Hiçbirimiz, AKP’nin 1 Kasım’a giden süreçte, oy kazanacağı, hem MHP’nin hem de HDP’nin milliyetçi oylarını alacağını tahmin etmiyorduk.
29 Ağustos 2015’te köşemde, Türkiye’nin içine düştüğü kan gölüne, Kandil’in aymazlığına, giderek azgınlaşan PKK terörüne ilişkin bir yazı yazdım.
Yazımın başlığı şuydu:
“PKK kimin havuzuna su pompalıyor?”
HDP, Türkiye’nin partisi olma yolunda önemli bir adım atmış, yüzde13.2’yle Meclis’e girmişti...
Tam çözüm arama koşulları ortaya çıkmışken, PKK’nin, KCK’nin terör eylemlerini yeniden başlatmasının nedenini soruyordum...
Şaka değil, HDP beklenmedik bir oy oranıyla Meclis’e giriyordu. 6 milyon seçmen oy vermişti HDP’ye. Oylarını altı milyona çıkarmasında Selahattin Demirtaş’ın payı büyüktü...

***

29 Ağustos’ta çıkan yazımın son bölümü şöyleydi:
HDP altı milyon oy alıyor, Kandil bu gerçeği görmüyor. HDP’nin Türkiye’nin partisi olmasını istemiyor.

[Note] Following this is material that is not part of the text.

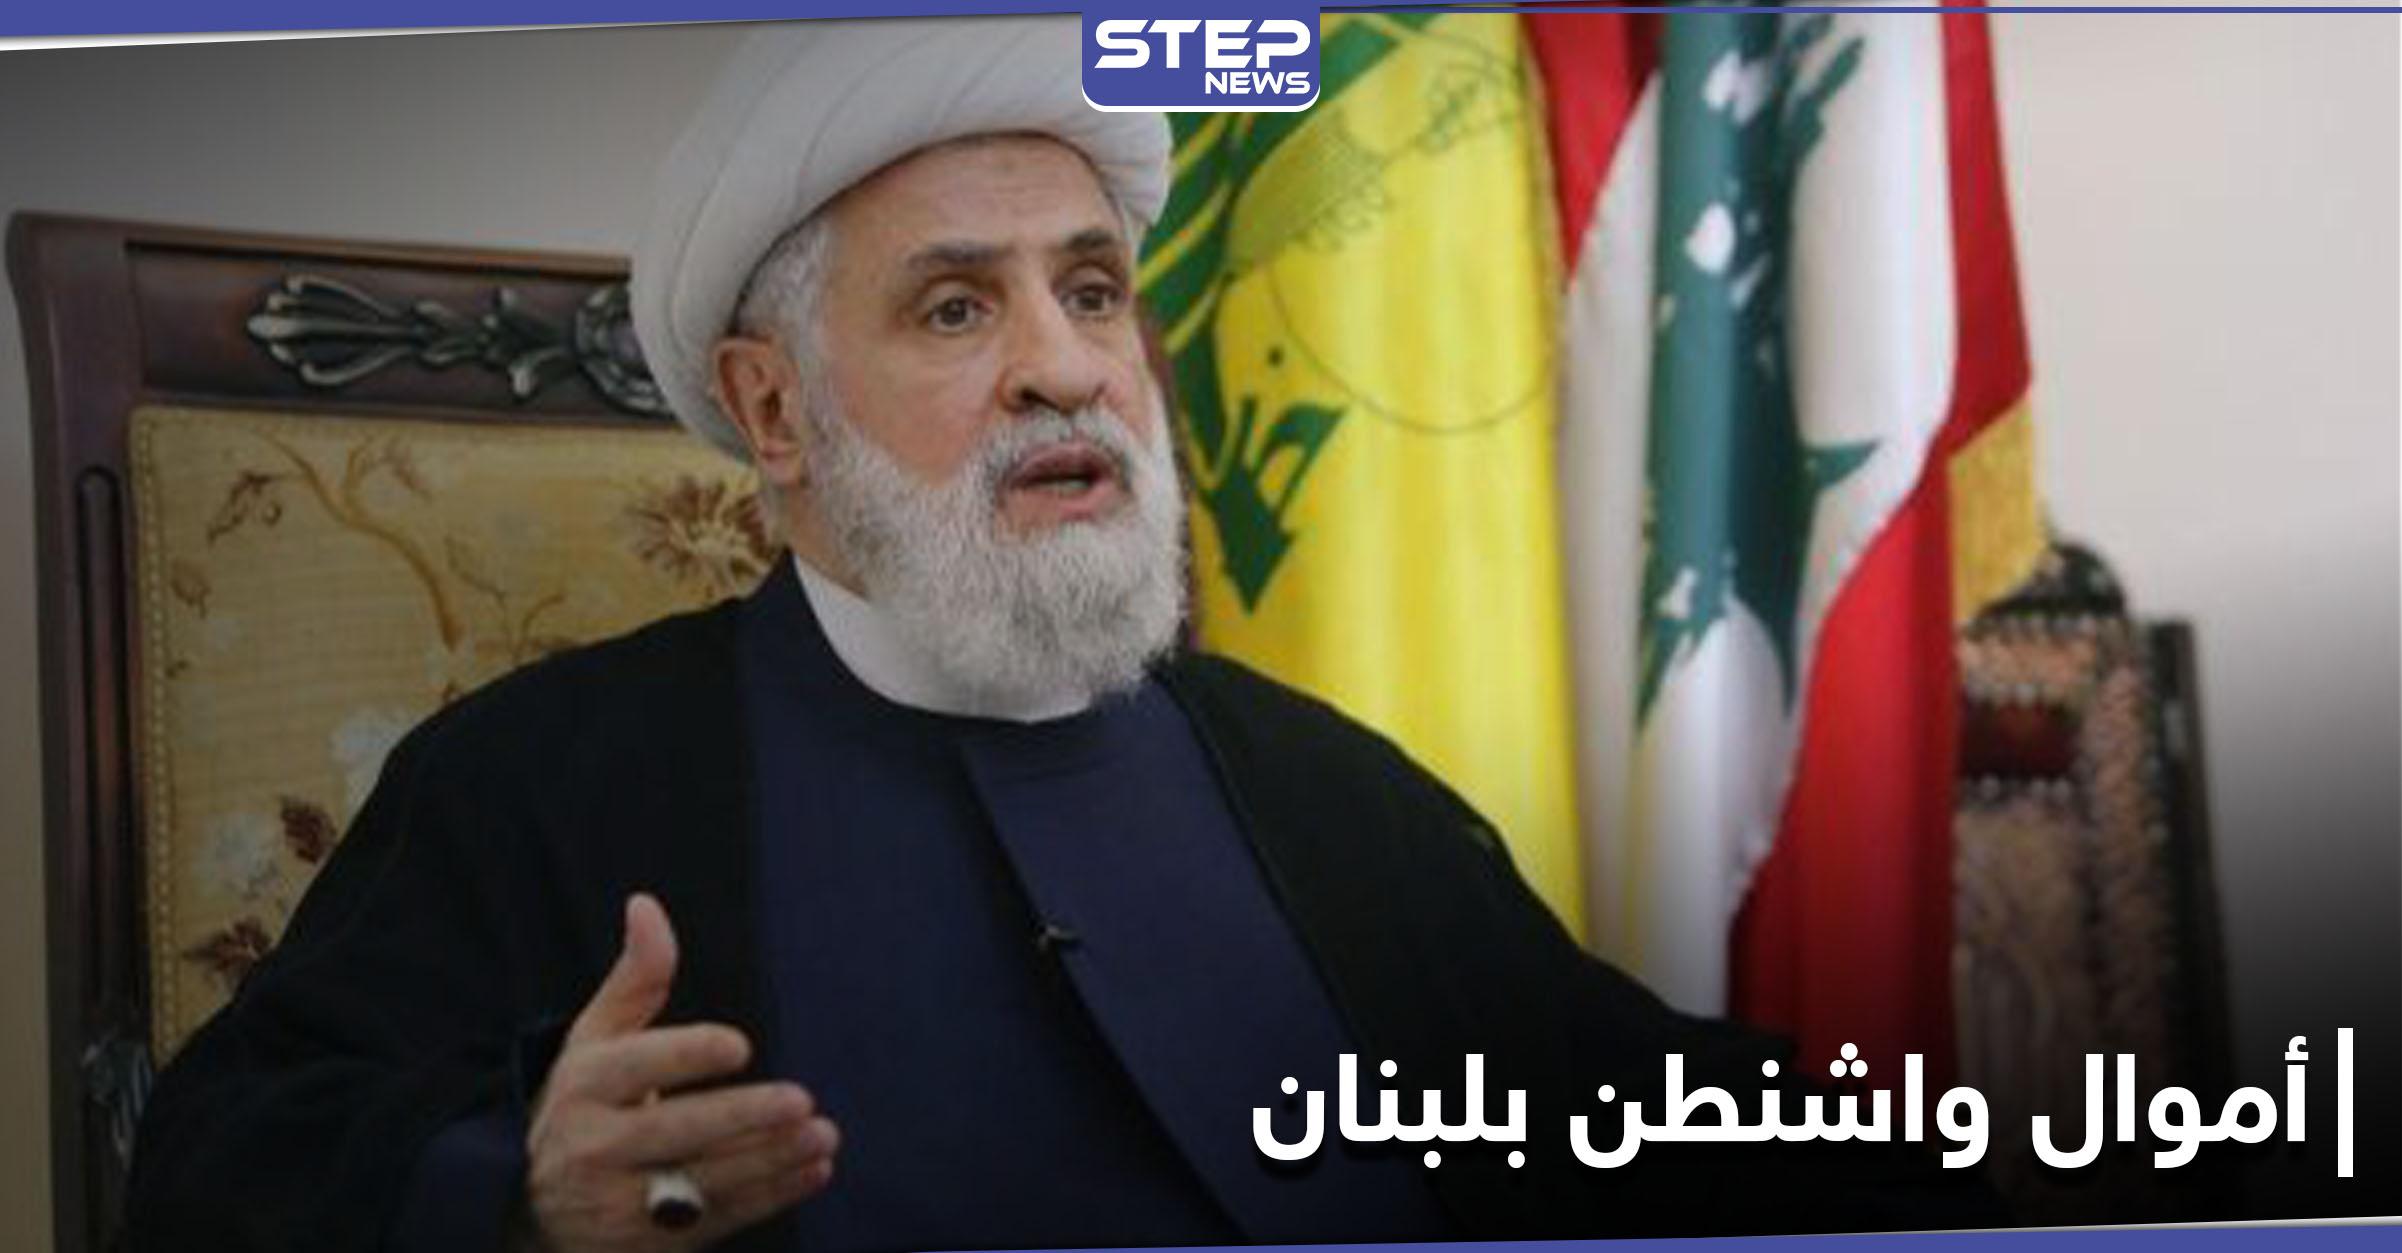 حزب الله يتحدث عن أموال صرفتها واشنطن في لبنان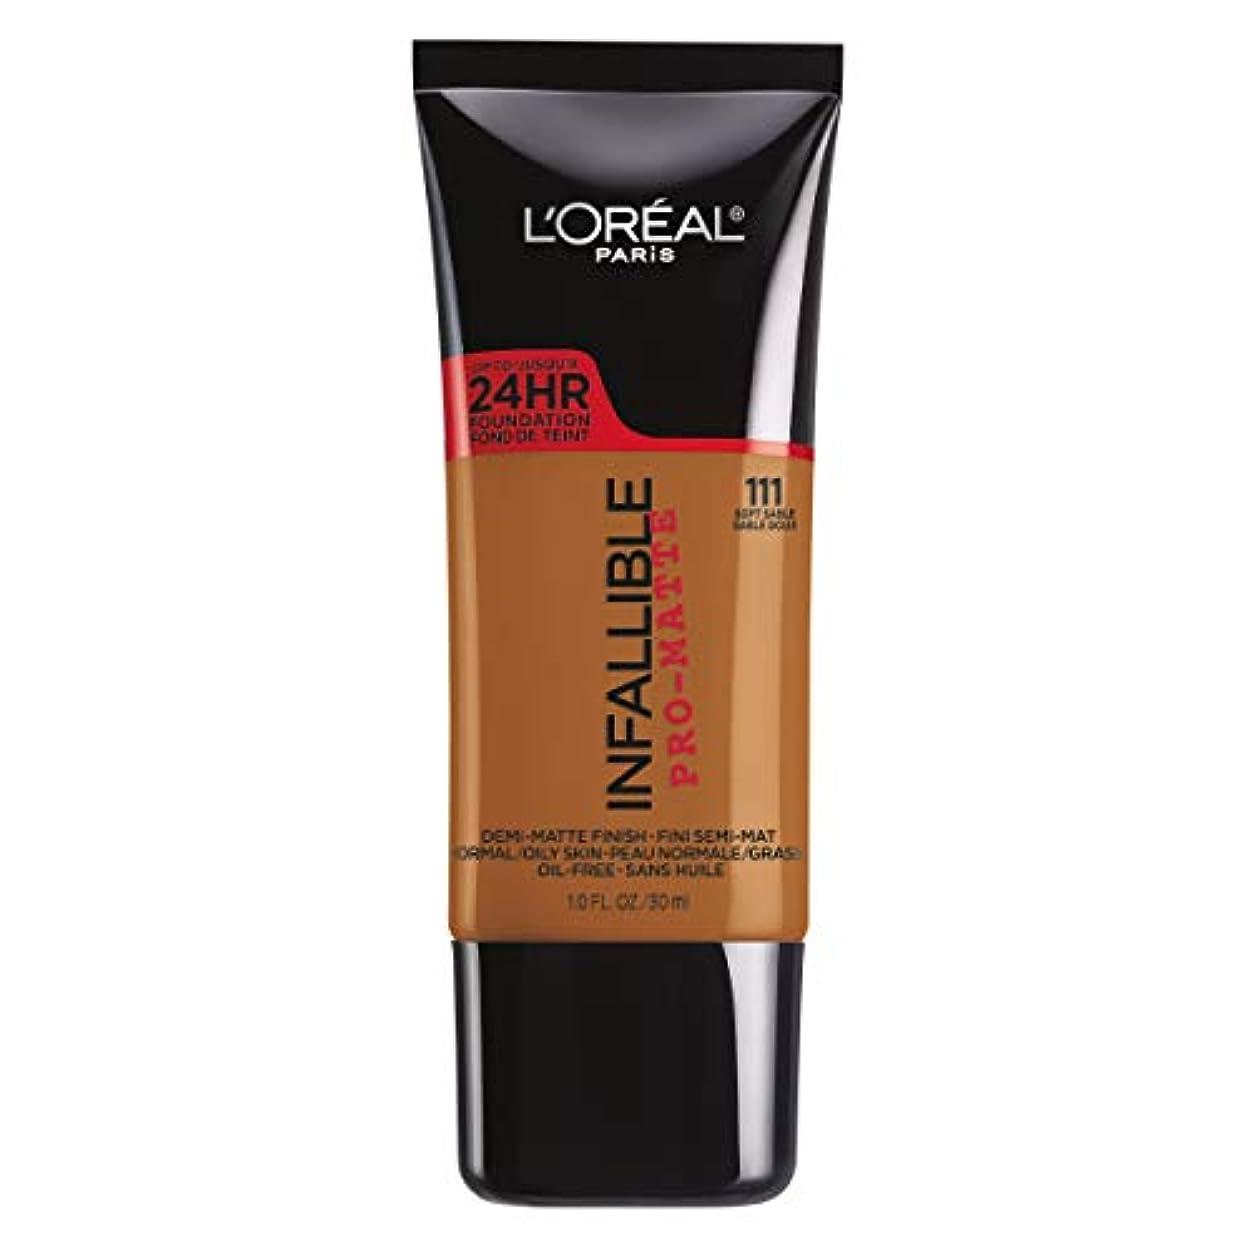 非武装化炭素愛するL'Oreal Paris Infallible Pro-Matte Foundation Makeup, 111 Soft Sable, 1 fl. oz[並行輸入品]

Daha açıkçası AKP’nin havuzuna su taşıyor.
Duran Kalkan HDP’yi ve Demirtaş’ı neden eleştiriyor?
Yazımda, PKK’nin 90’lı yıllardan bugüne değin egemen güçlerin, emperyalizmin ekmeğine yağ sürdüğünü; böylece asit kuyularını, faili meçhul cinayetleri, NATO gladyosunu 7 Haziran seçimlerinden sonra yaptığı kanlı eylemlerle unutturduğunu anlatmıştım.
Varılan nokta ölüm, kan, gözyaşı, acıydı!
Bizim insanlarımız, çocuklarımız, gençlerimiz öldürülüyor, şehit düşüyordu...
İnsanca yaşamak bu coğrafyada yaşayan herkesin hakkıydı çünkü.
Önemli olan Türklerin, Kürtlerin, farklı etnik kimliklerin, dinlerin, inançların, dillerin, barış ve kardeşlik duygularını pekiştirerek yaşamalarıydı.
Bunlar ancak uygar toplumlarda olurdu...
Ne yazık ki biz bunu beceremedik!
Bugün AKP oylarını beklenmedik bir biçimde artırıp tek başına iktidar olmuşsa, hem HDP’ye hem de PKK’ye teşekkür etmeli...
Çünkü MHP ve HDP’nin 7 Haziran’da aldığı oyun önemli bir bölümü CHP’ye değil AKP’ye gitmiştir.
PKK, kanlı eylemlerini durdurmadığı sürece AKP iktidarı dört yıl sonra yapılacak seçimlerde düşmeyecek belki de yüzde 50’yi aşacaktır.

***

Zorunlu olarak yapılan 1 Kasım seçimleri herkesi şaşırttı.
Özellikle HDP ve MHP’yi, biraz da CHP’yi...
MHP’yi yazmak bile istemiyorum...
Devlet Bahçeli, siyaseti bilmiyor, halka umut değil korku salıyor...
Bir siyasetçi her şeye “hayır” der mi?
Onun için MHP’yi geçiyorum...
CHP’ye gelince...
Oyları çok az arttı o kadar!
CHP’de bir kesim var ki seçmen ne söylüyor, ne bekliyor bunun ayrımında değil...
Kemal Kılıçdaroğlu iyi insan, hoş insan, okuyan insan tamam!
Peki, CHP niçin bırakın yüzde 30’u aşmayı yüzde 28 bile olamıyor...
Neden, niçin?
CHP sosyolojik analizler yapmalı...
CHP’nin aldığı oy oranı AKP’nin yarısı...
CHP hem gelecek kuşakları düşünmeli, hem de gelecek seçimleri.
Kendisini çok iyi sorgulamalı!
Seçmen 7 Haziran seçimlerini niçin tersine çevirdi?
Sorunun yanıtı, yazımın içinde var sanırım...  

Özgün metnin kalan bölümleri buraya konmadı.